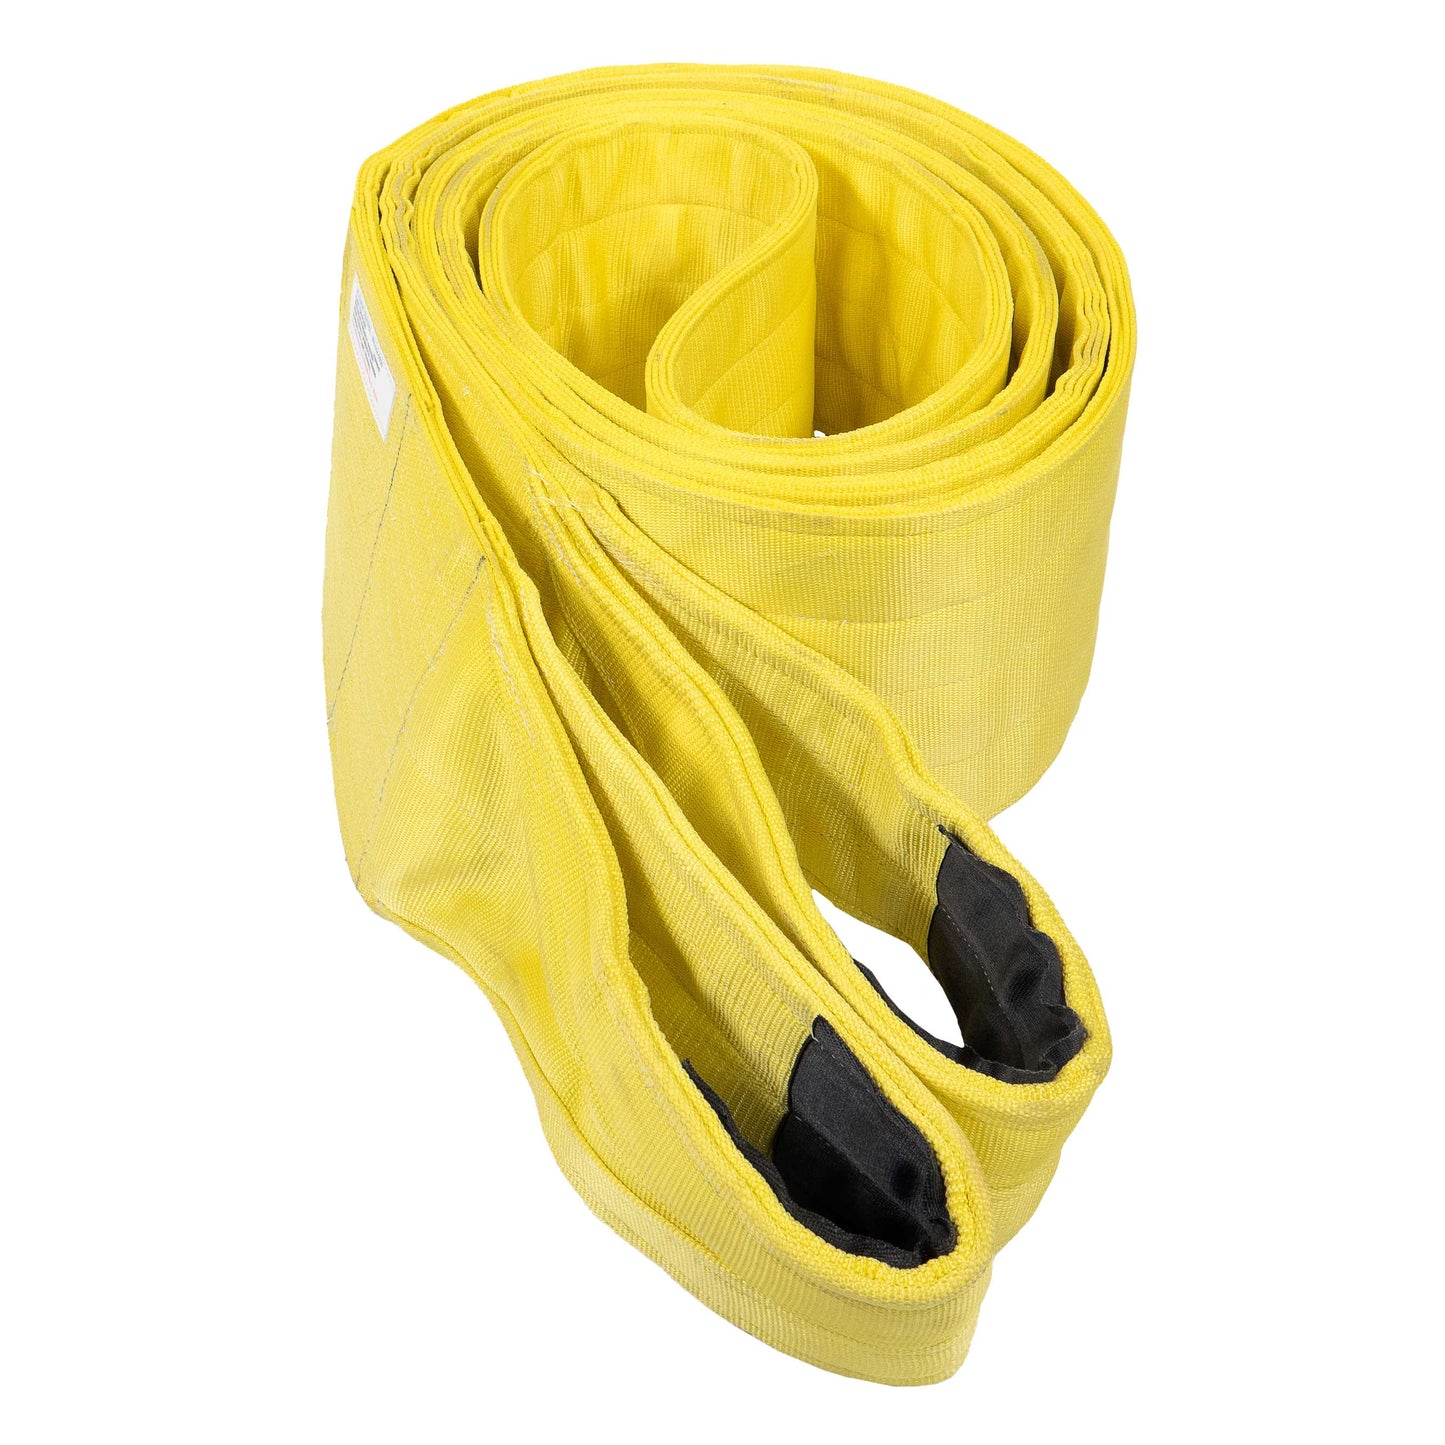 12" x 30' Heavy Duty Recovery Strap with Reinforced Cordura Eyes - 4 Ply | 134,250 WLL
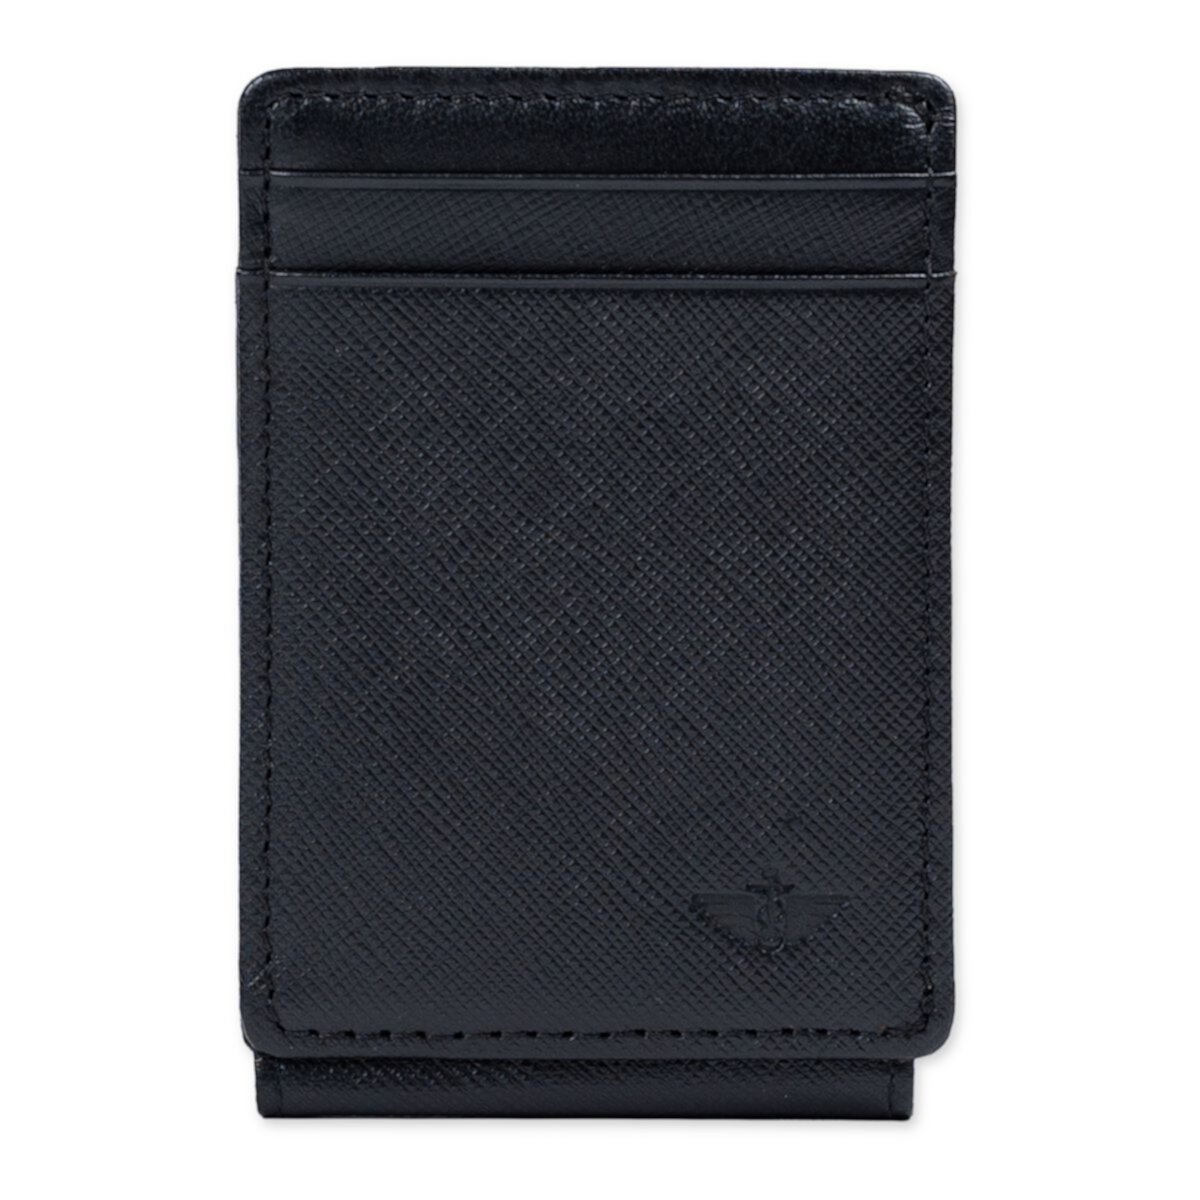 Men's Dockers RFID Saffiano Front Pocket Wallet with Magnetic Money Clip Dockers
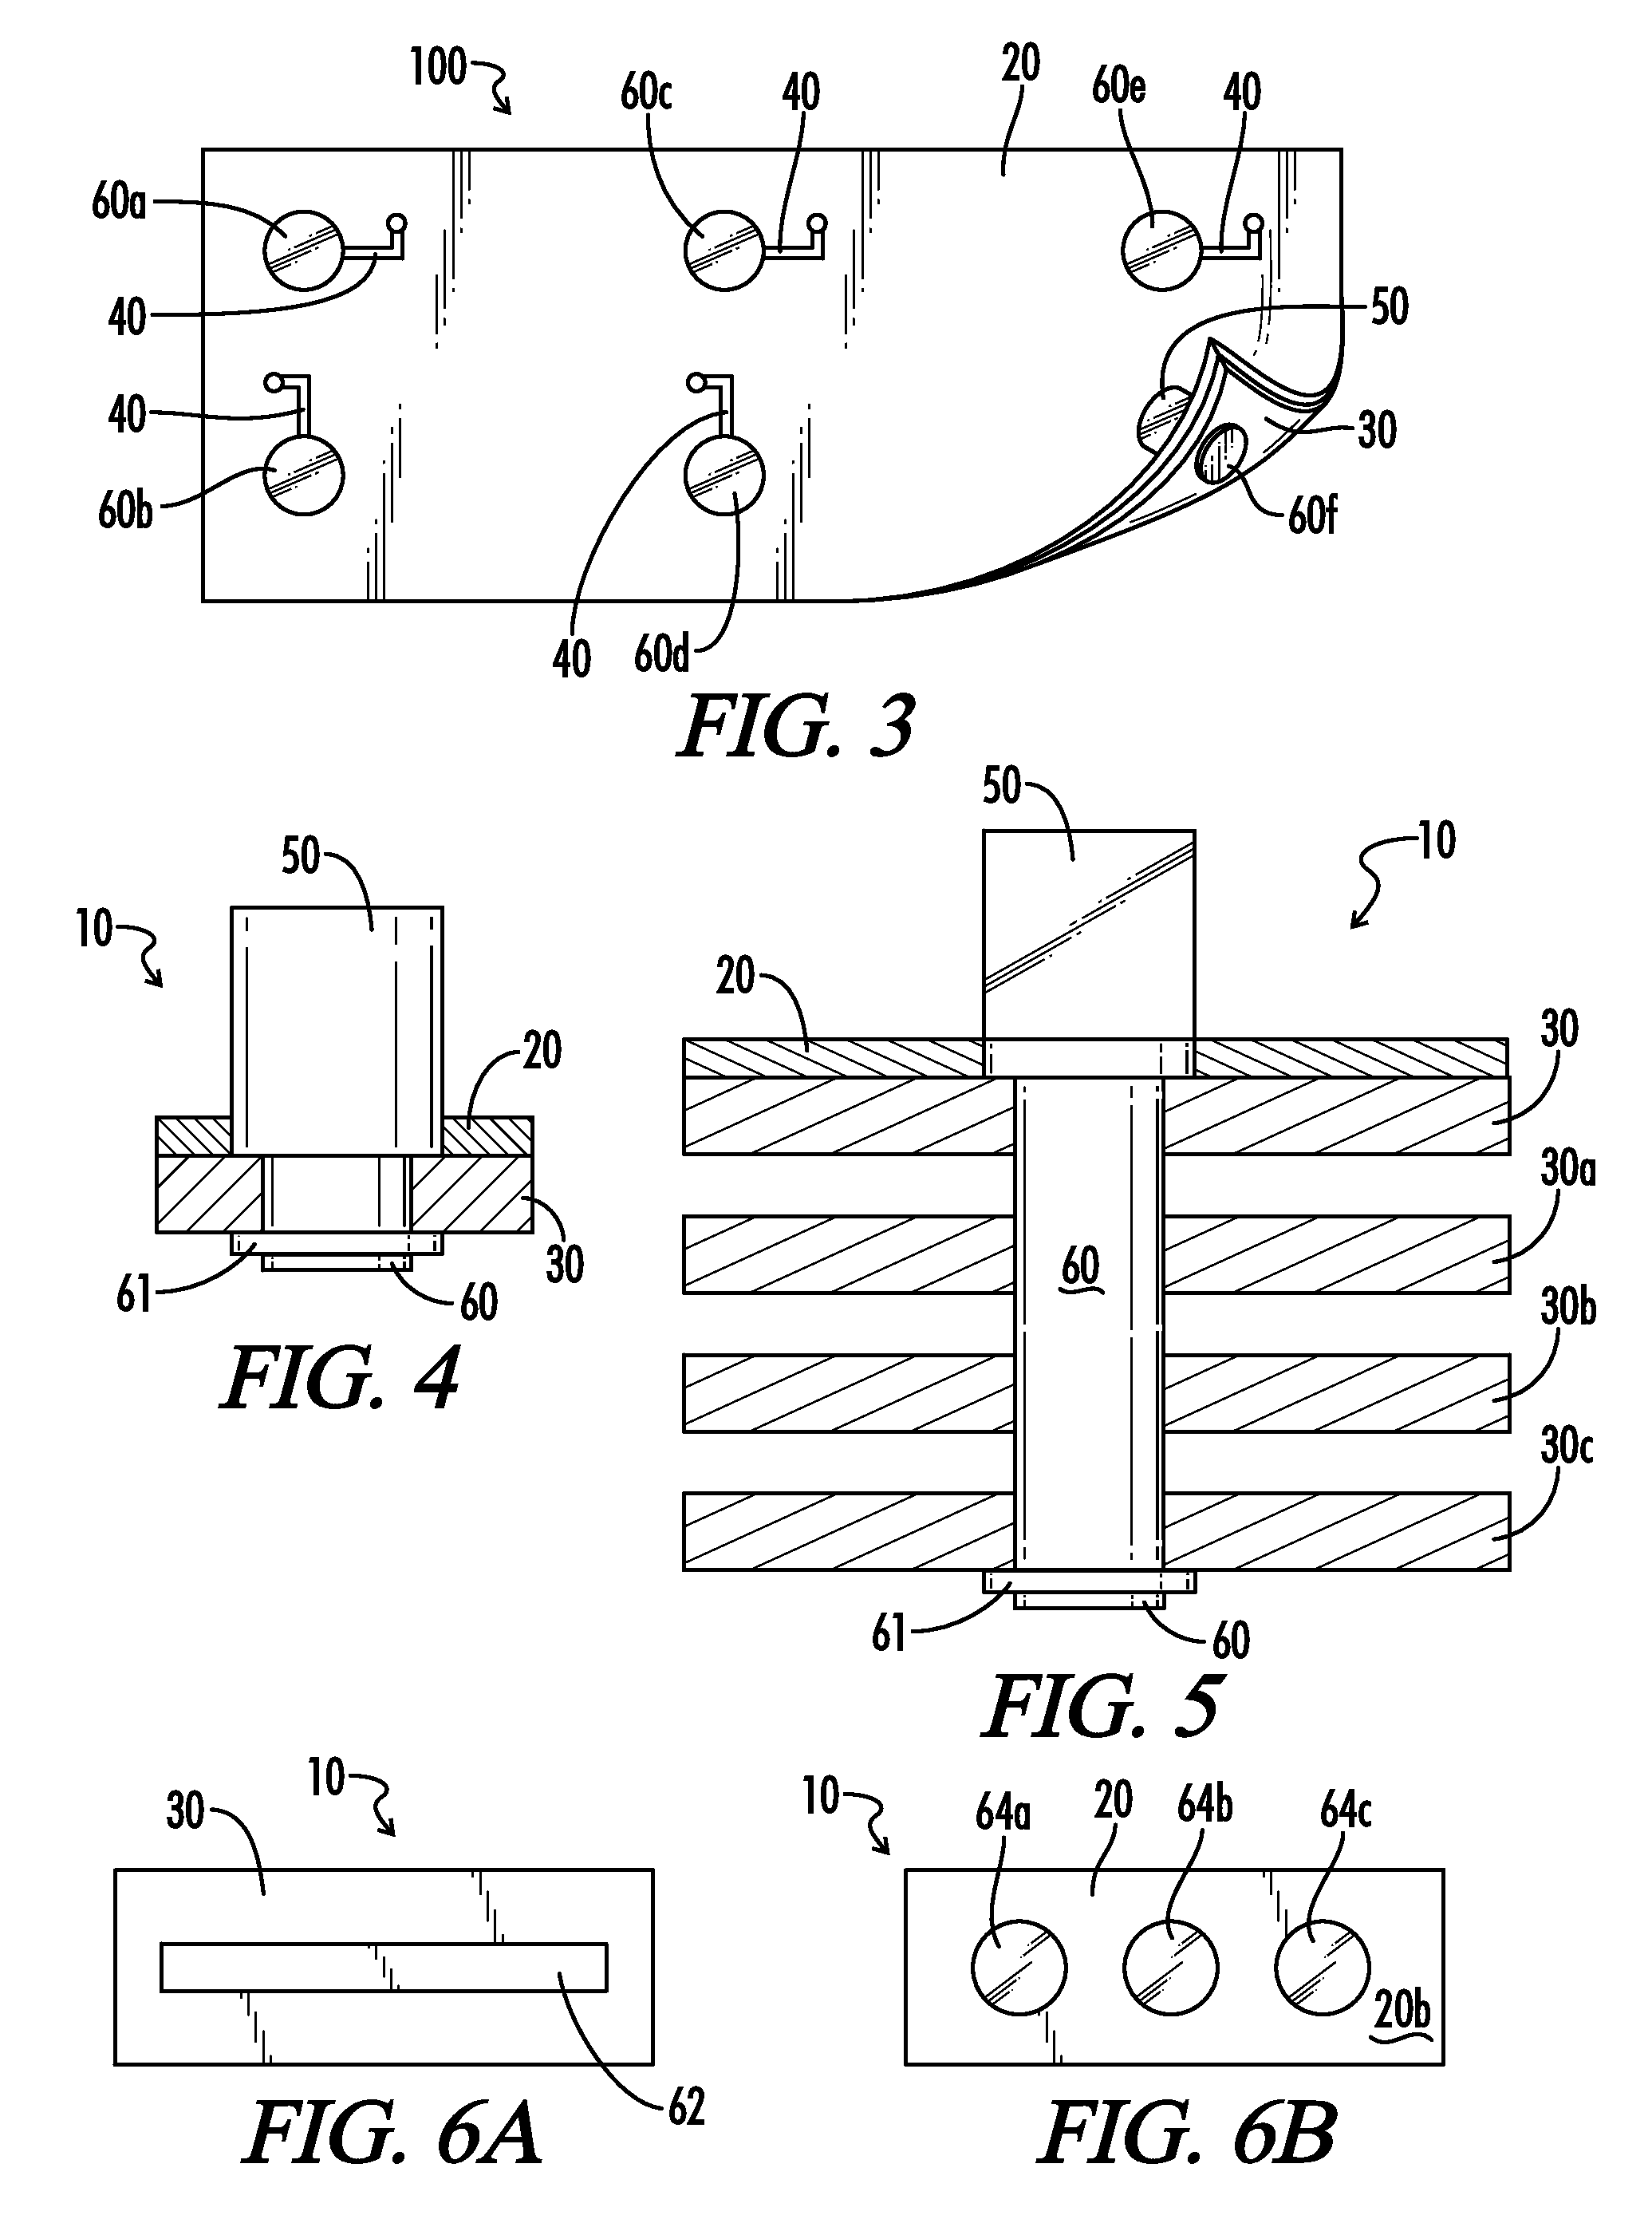 Heat spreading circuit assembly

Work to be completed
Reproduce all lines above exactly. Leave the images out.

Output
 12" x 30' Heavy Duty Recovery Strap with Reinforced Cordura Eyes - 4 Ply | 134,250 WLL
 Men's Dockers RFID Saffiano Front Pocket Wallet with Magnetic Money Clip Dockers
 Heat spreading circuit assembly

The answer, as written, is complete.